HC.1 - Het X-chromosoom Flashcards
Hoe worden chromosomen ook wel weergegeven?
Ideogram: schematische weergave chromosomen waarop bepaalde repeats (CG, G-banding) donker aankleuren, structuur en kenmerken van de chr worden weergegeven
wat betekent homozygoot, heterozygoot, dubbel heterozygoot en compound heterozygoot?
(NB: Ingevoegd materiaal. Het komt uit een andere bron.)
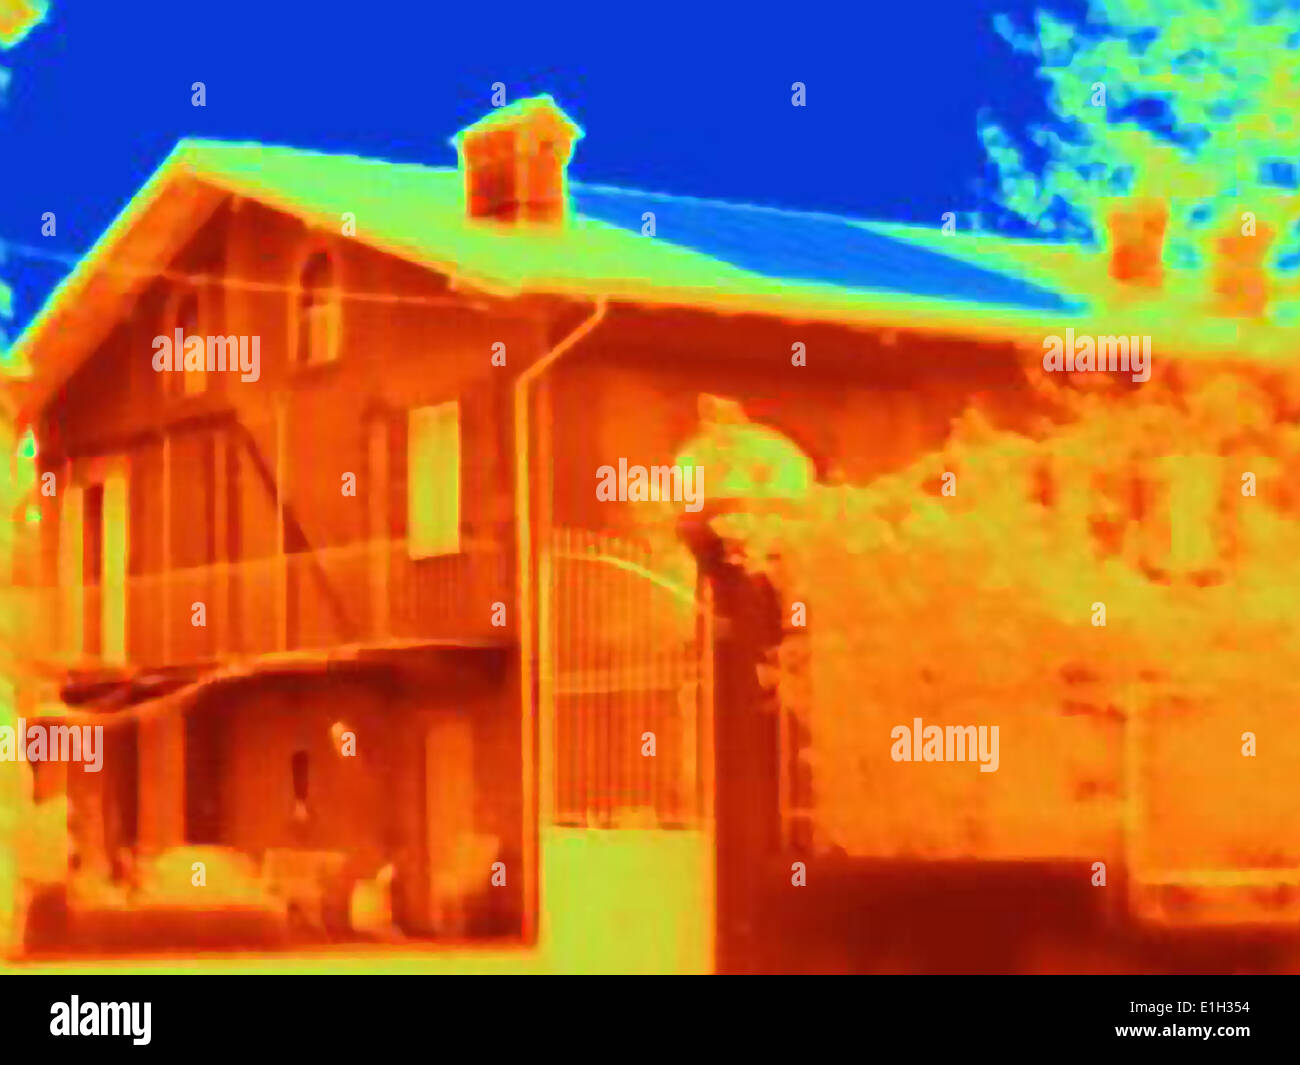 https://c8.alamy.com/comp/E1H354/thermal-image-of-a-house-with-solar-cells-on-the-roof-absorbing-the-E1H354.jpg
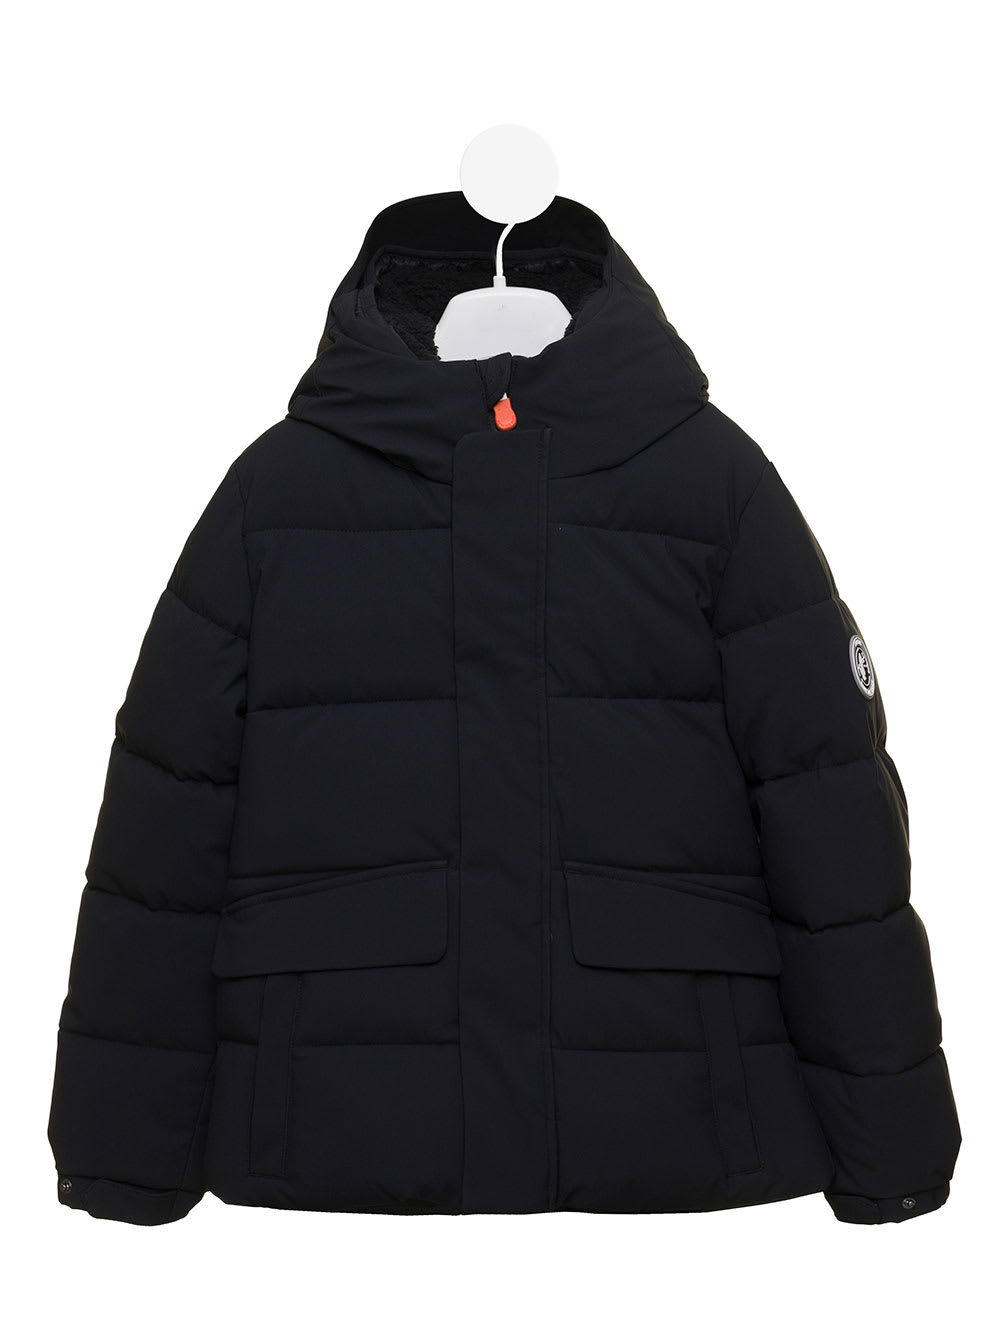 Save The Duck Kids Boys Black Hooded Puffer Jacket

En hemizygoot?
- Homozygote chr: identiek, beide zonder of met dezelfde mutaties
- Heterozygote chr: mutatie in 1 van beide chr
- Compound heterozygoot: twee verschillende mutaties in hetzelfde gen, maar deze mutaties bevinden zich elk op het andere chr (dus een op die van de moeder en een op die van de vader) –> hierdoor gen niet helemaal functioneel
- Dubbel heterozygoot: mutaties in verschillende genen, bvb 1 mutatie op gen A en 1 mutatie op gen B (mutatie in HBB-gen en CFTR-gen)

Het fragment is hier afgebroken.